(SUPPLIED DATA begins)
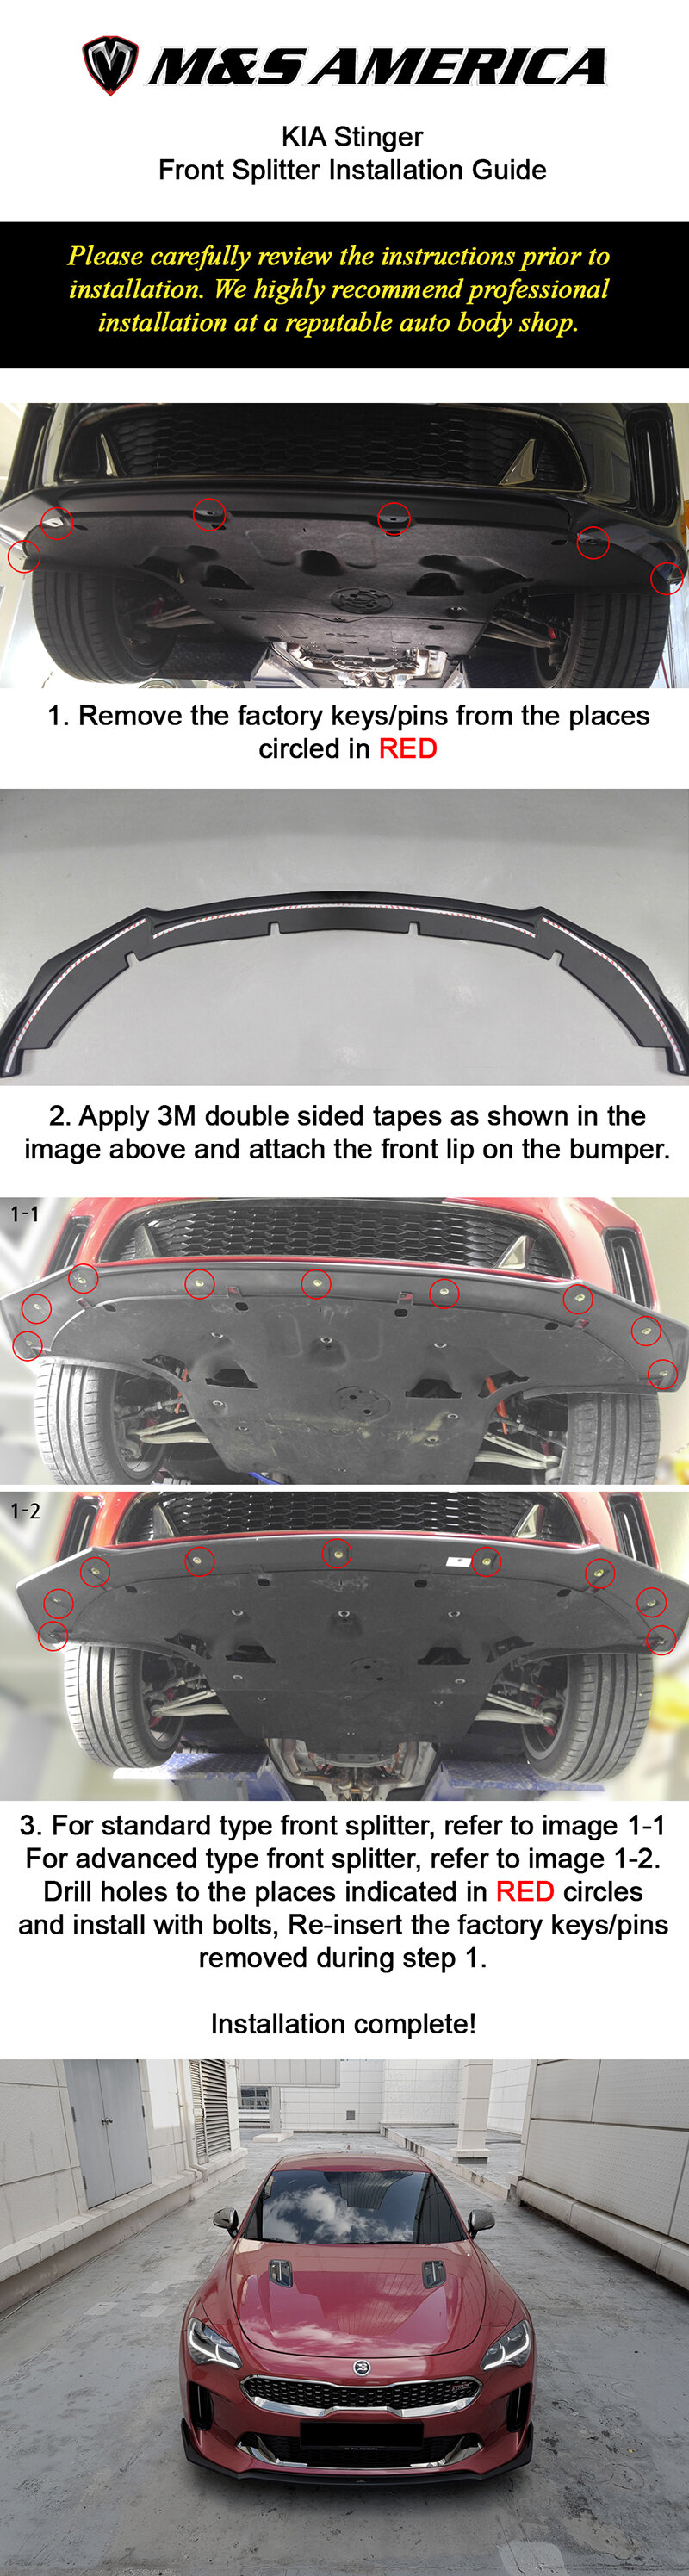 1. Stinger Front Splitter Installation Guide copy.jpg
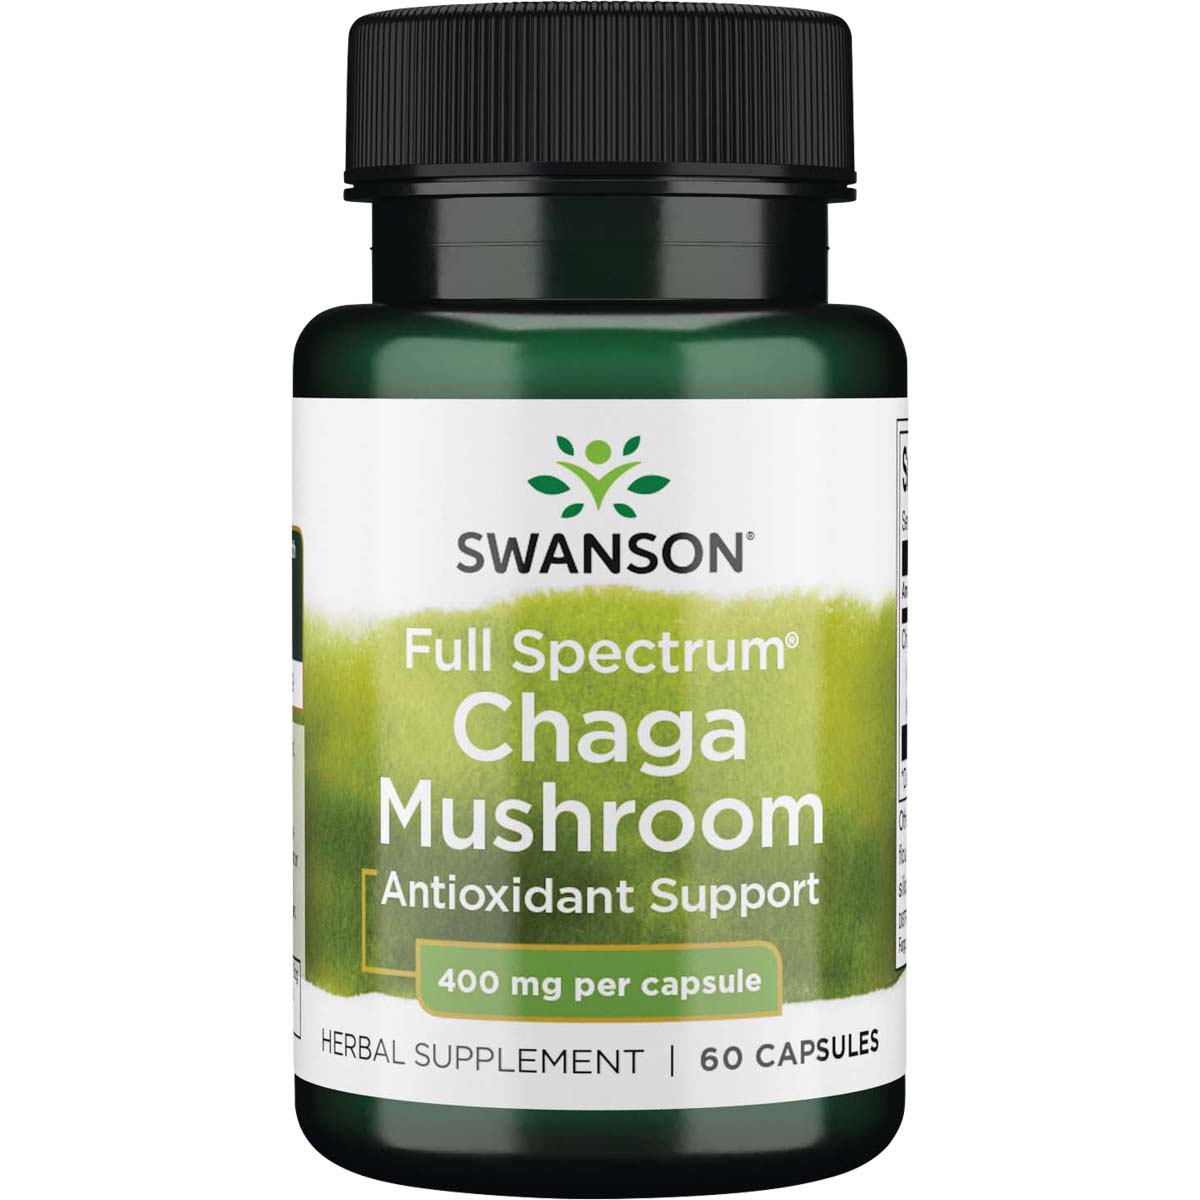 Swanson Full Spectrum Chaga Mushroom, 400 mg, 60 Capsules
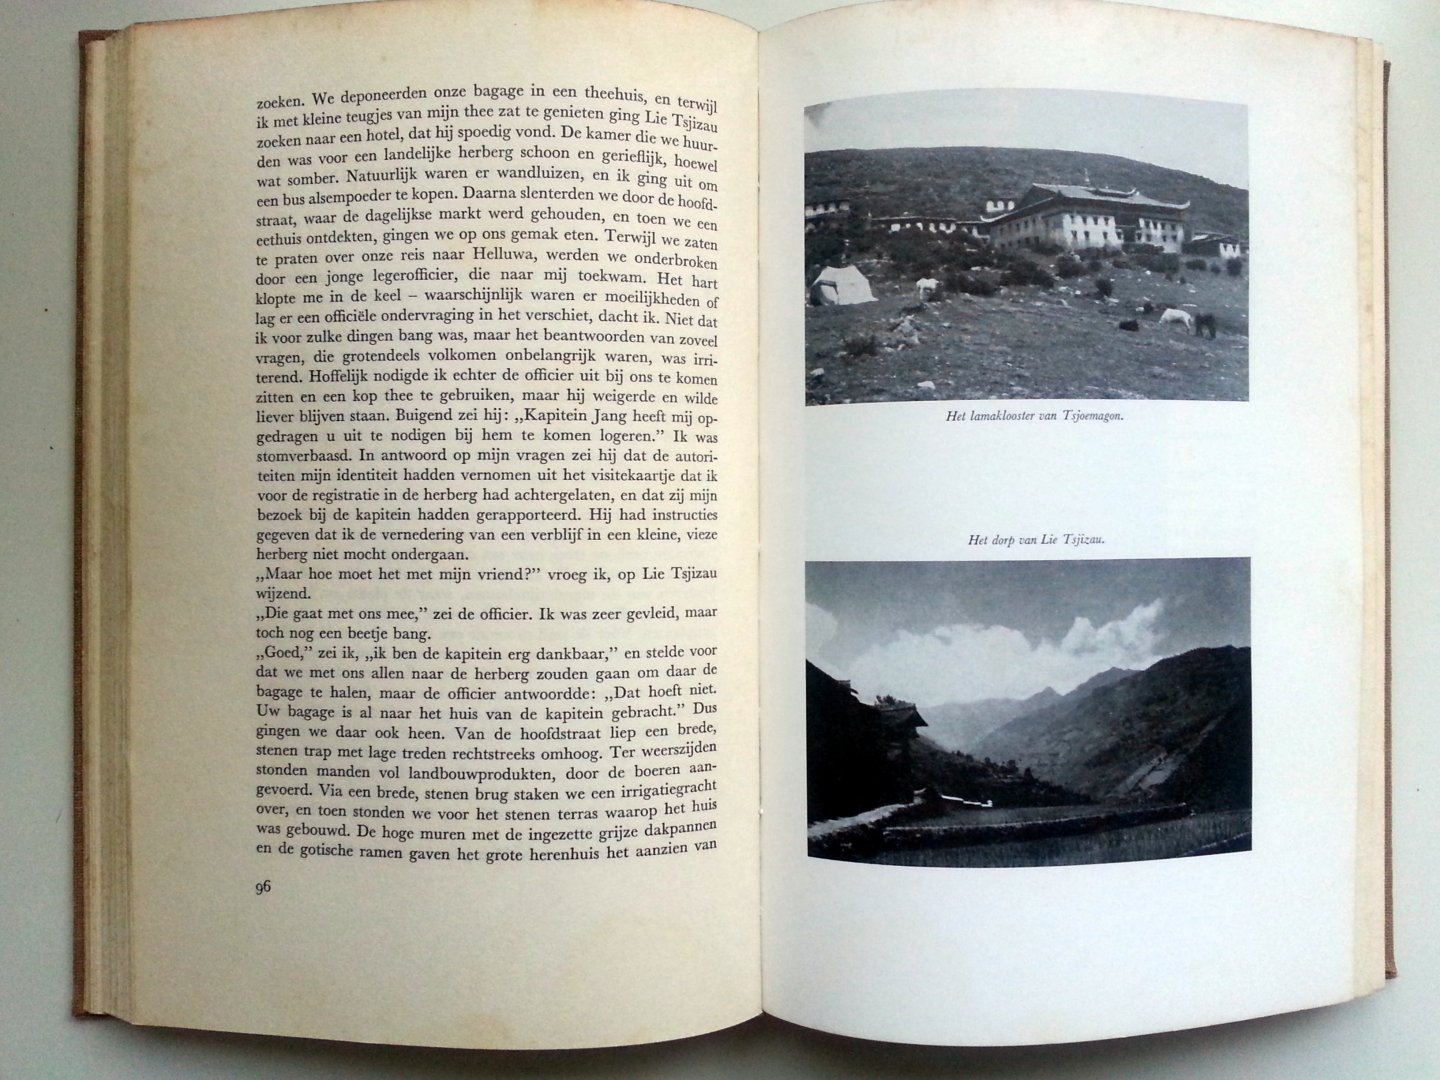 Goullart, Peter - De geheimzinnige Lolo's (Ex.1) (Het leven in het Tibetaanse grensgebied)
(SUPPLIED DATA ends)
▸ **WHAT YOU SHOULD DO**
Line by line and exactly, write out the material above. Skip the pictures.

▸ **SOLUTION BELOW**
 1. Stinger Front Splitter Installation Guide copy.jpg
 Swanson Full Spectrum Chaga Mushroom, 400 mg, 60 Capsules
 Goullart, Peter - De geheimzinnige Lolo's (Ex.1) (Het leven in het Tibetaanse grensgebied)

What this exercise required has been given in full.